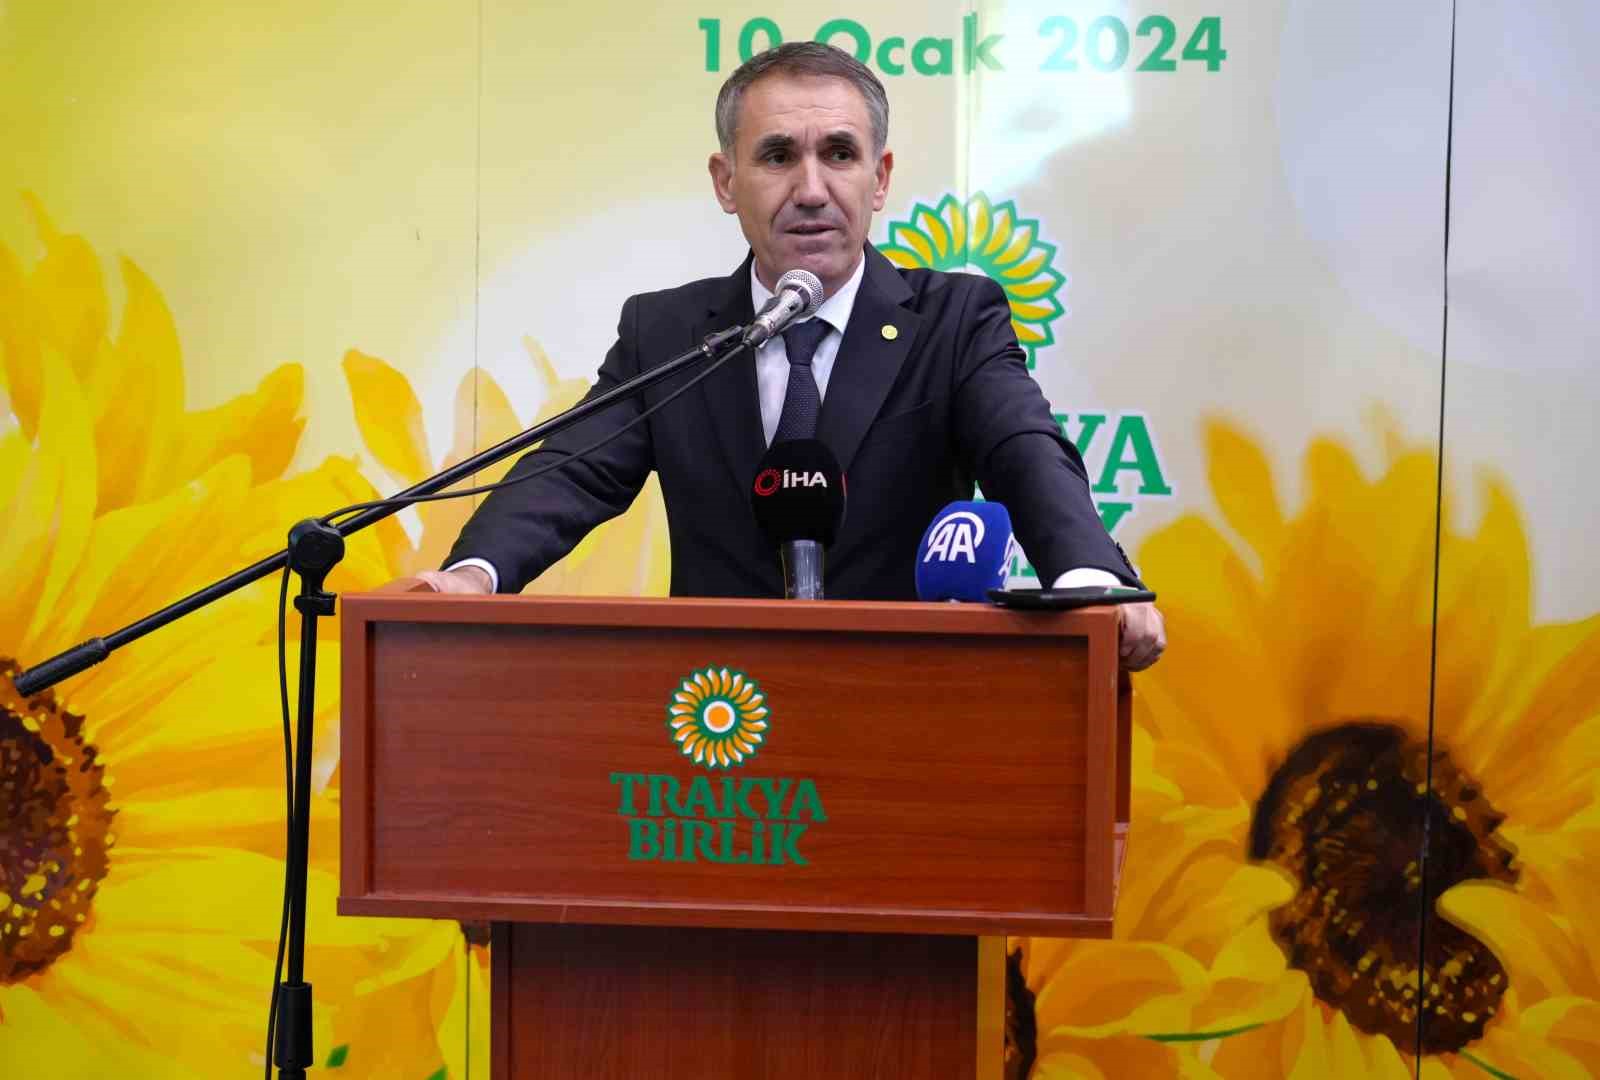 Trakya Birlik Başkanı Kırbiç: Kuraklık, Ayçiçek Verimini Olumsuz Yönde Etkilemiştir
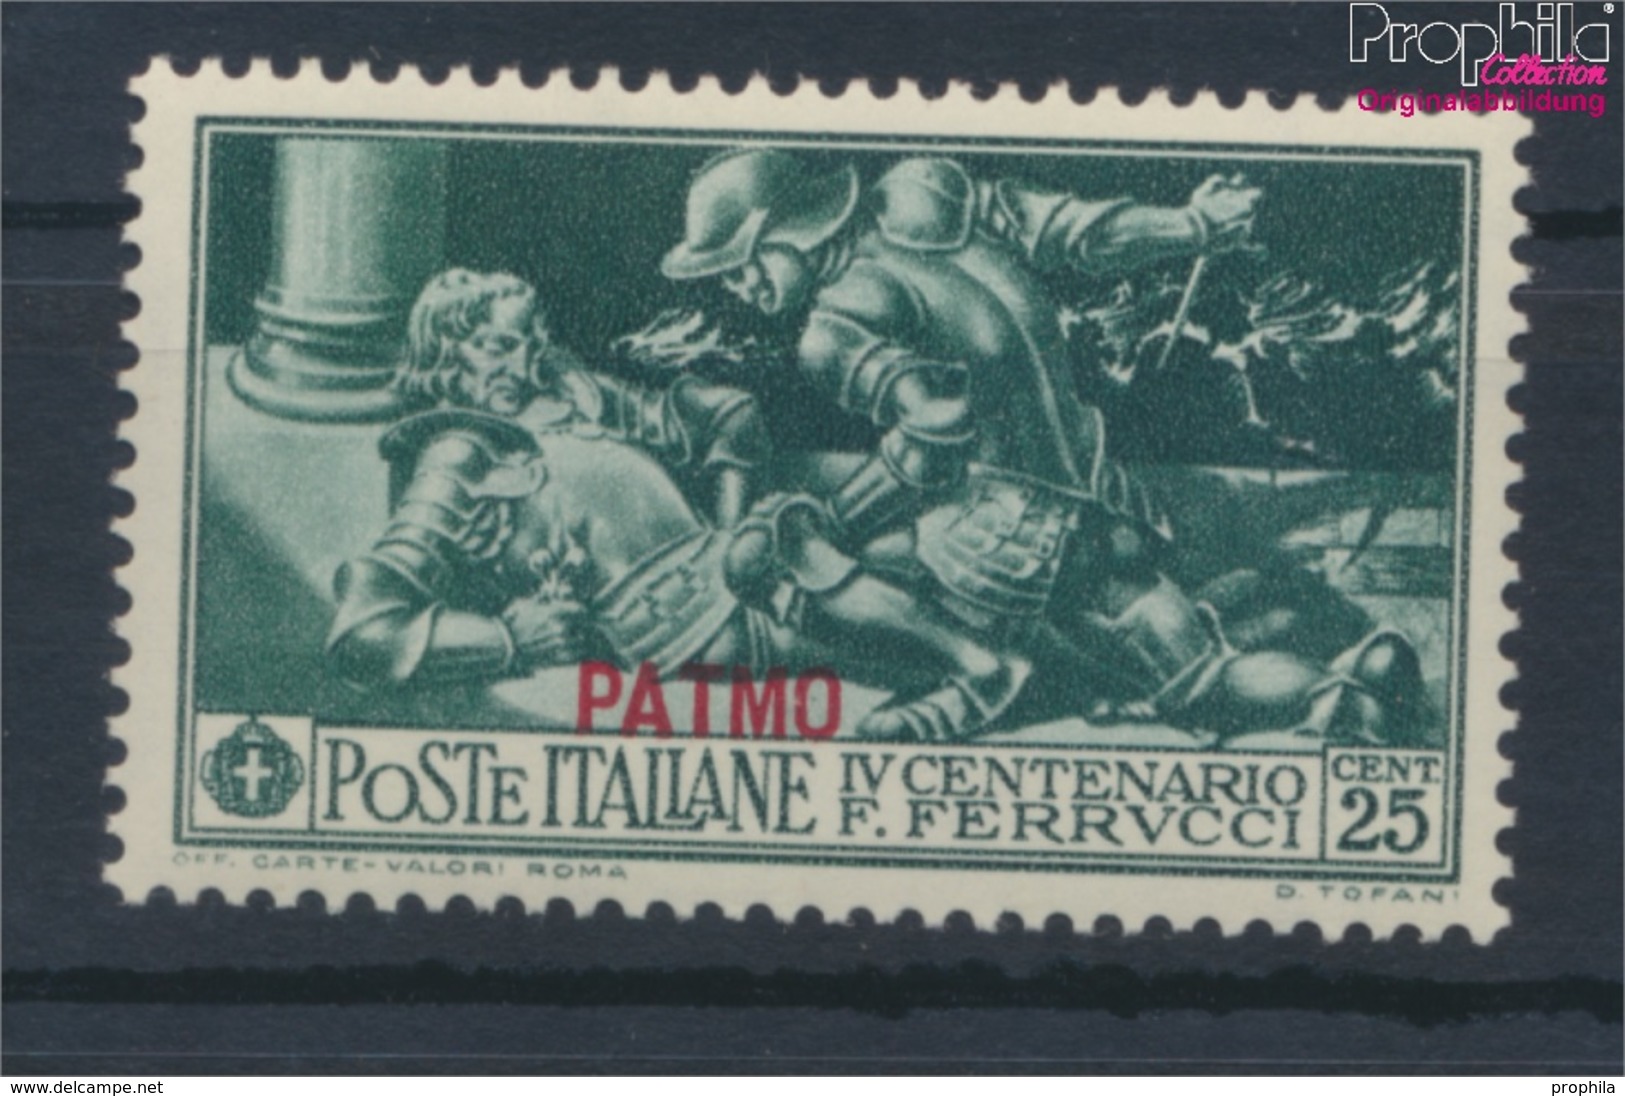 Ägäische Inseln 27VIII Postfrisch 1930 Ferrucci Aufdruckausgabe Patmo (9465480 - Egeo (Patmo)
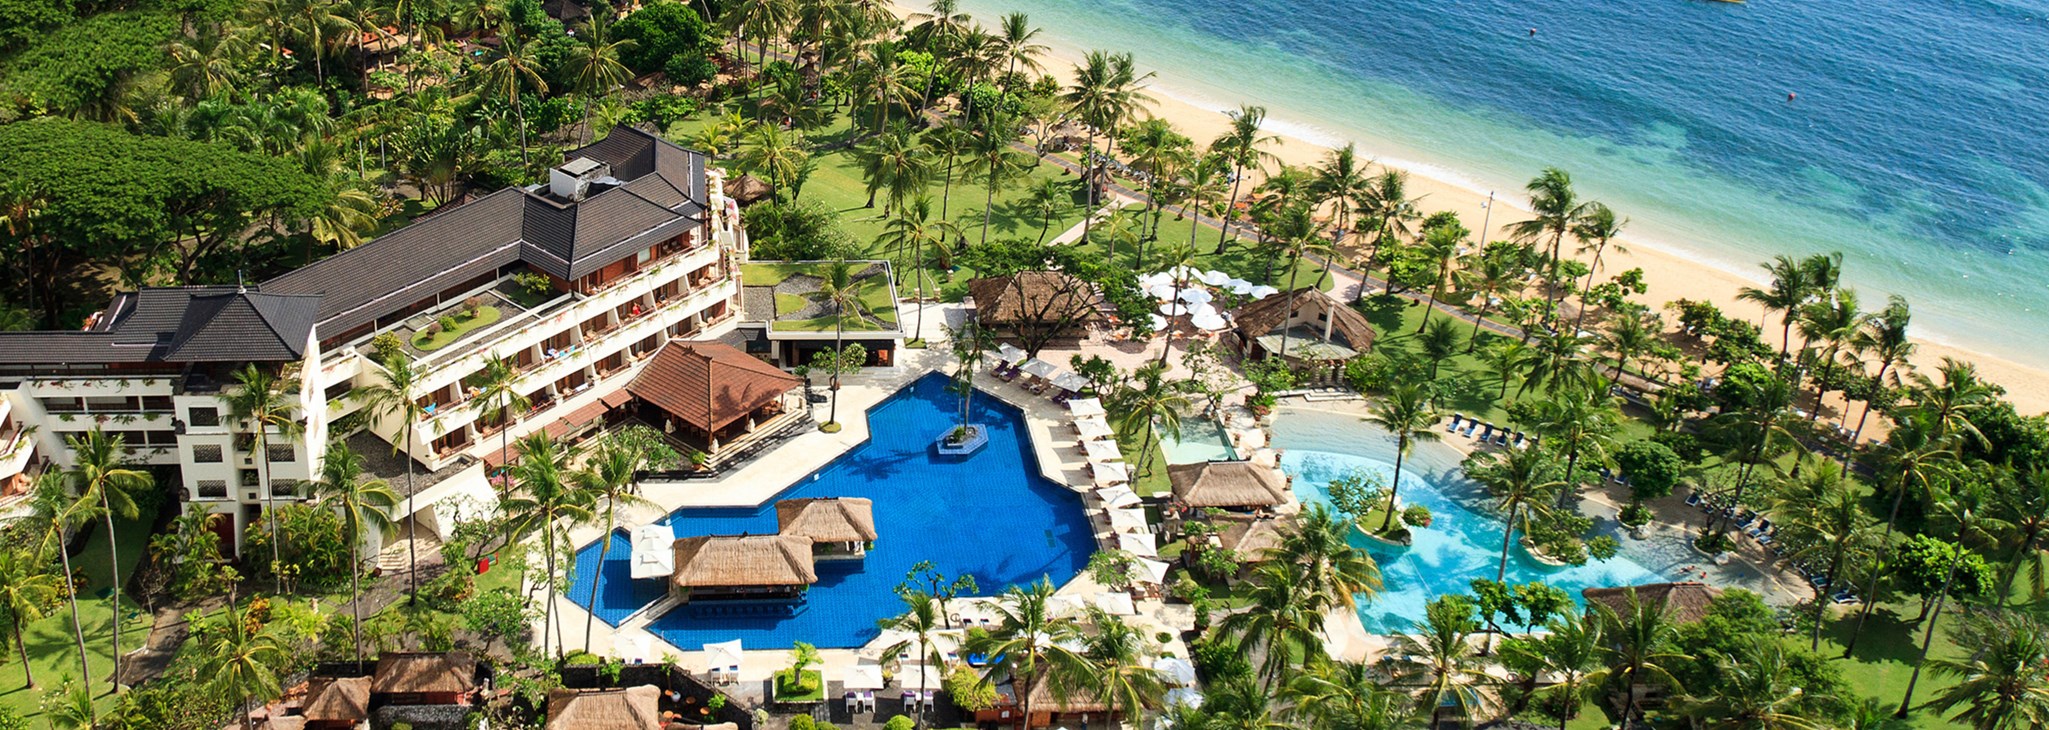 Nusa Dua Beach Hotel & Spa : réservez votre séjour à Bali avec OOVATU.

- - -

◆ ACTION ITEM
Nothing but the lines from the one containing "Ägäische Inseln 27VIII" through the last line of the data should appear in the answer, copied exactly, with pictures excluded.

◆ WORKED SOLUTION
 Ägäische Inseln 27VIII Postfrisch 1930 Ferrucci Aufdruckausgabe Patmo (9465480 - Egeo (Patmo)
 Nusa Dua Beach Hotel & Spa : réservez votre séjour à Bali avec OOVATU.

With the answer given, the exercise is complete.